Сложность алгоритма показывает, как быстро растет время работы программы при увеличении входных данных. В школьных задачах это помогает понять, почему одно решение проходит проверку, а другое зависает на больших тестах.
Если программа один раз проходит по списку из n элементов, ее время работы растет примерно линейно. Такой алгоритм называют O(n). Если внутри одного цикла находится второй цикл по тем же данным, часто получается O(n²).
Пример линейного решения
Нужно посчитать сумму чисел.
numbers = [1, 4, 7, 10]
total = 0
for number in numbers:
total += number
print(total)
Каждое число обрабатывается один раз. Если чисел станет в десять раз больше, действий тоже станет примерно в десять раз больше.
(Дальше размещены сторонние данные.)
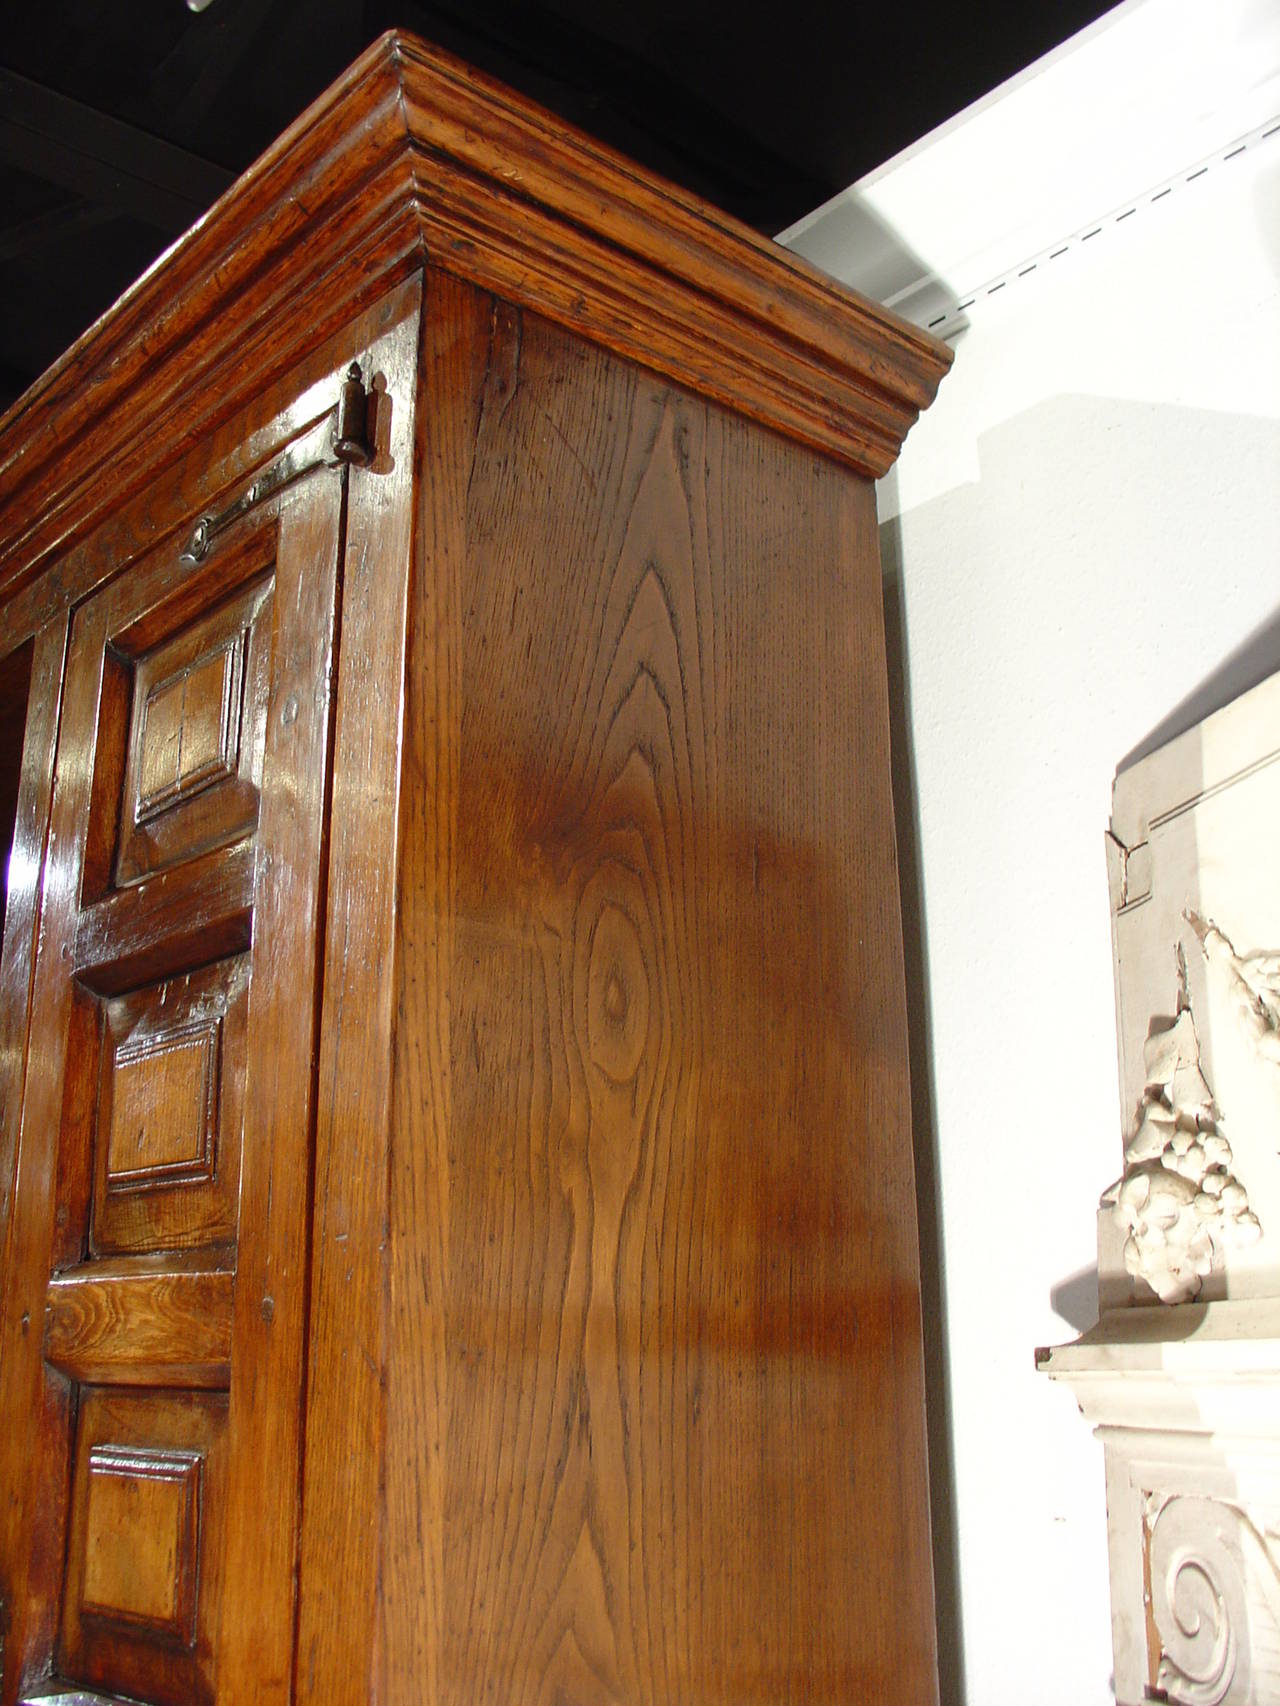 Carved Large Oak Bookcase with Iron Hardware from Spain, Early 1900s
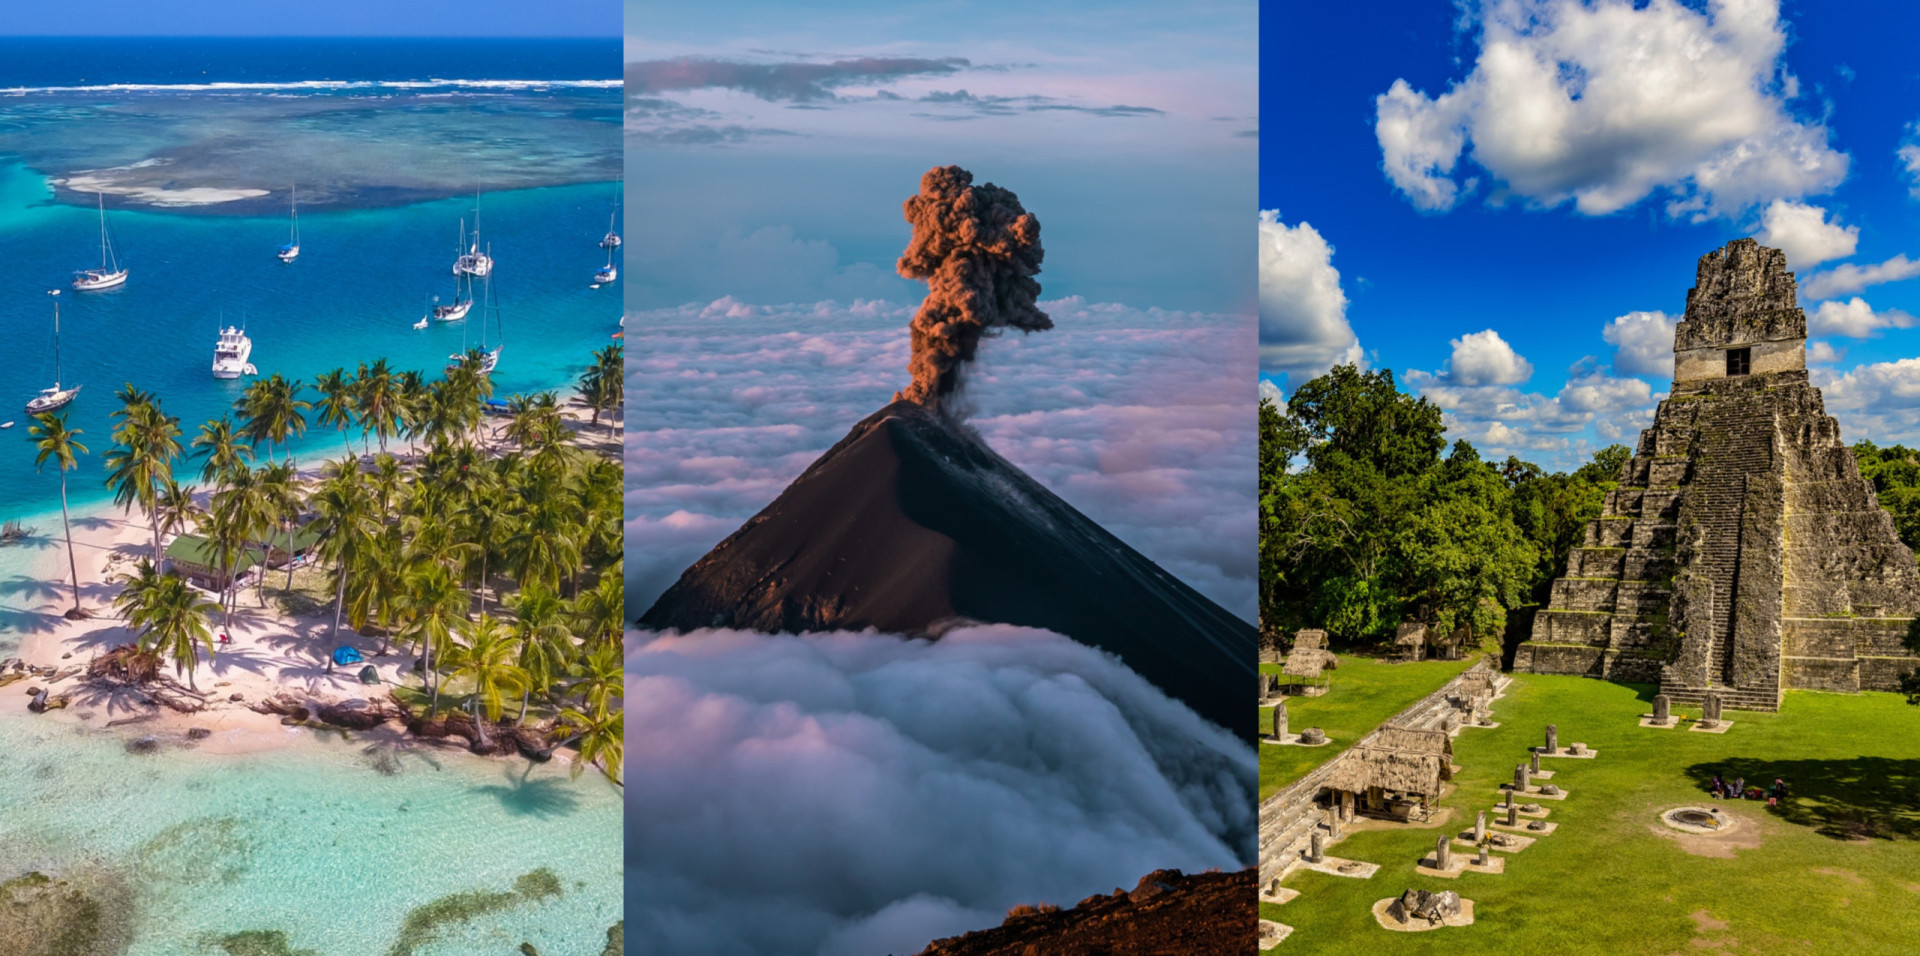 <p>Central America is generally regarded as being composed of seven countries—Guatemala, Belize, Costa Rica, El Salvador, Honduras, Panama, and Nicaragua. That's seven wonderfully compelling vacation destination options famed for stunningly varied <a href="https://www.starsinsider.com/travel/305621/be-amazed-by-these-stunning-jungle-and-rainforest-destinations" rel="noopener">ecosystems</a>, culturally significant historic ruins, and some of the best beaches around. But where do you start?</p> <p>If this part of the world is on your must-see bucket list, click through this gallery for ideas on where to go and what to see!</p><p>You may also like:<a href="https://www.starsinsider.com/n/114291?utm_source=msn.com&utm_medium=display&utm_campaign=referral_description&utm_content=627756en-us"> The hottest and coldest places on the planet</a></p>

Пример квадратичного решения
Нужно проверить все пары чисел.
numbers = [1, 4, 7, 10]
count = 0
for i in range(len(numbers)):
for j in range(i + 1, len(numbers)):
if numbers[i] + numbers[j] > 10:
count += 1
print(count)
Здесь количество проверок растет намного быстрее. Для 100 элементов пар около 5 тысяч, а для 10 000 элементов — уже десятки миллионов.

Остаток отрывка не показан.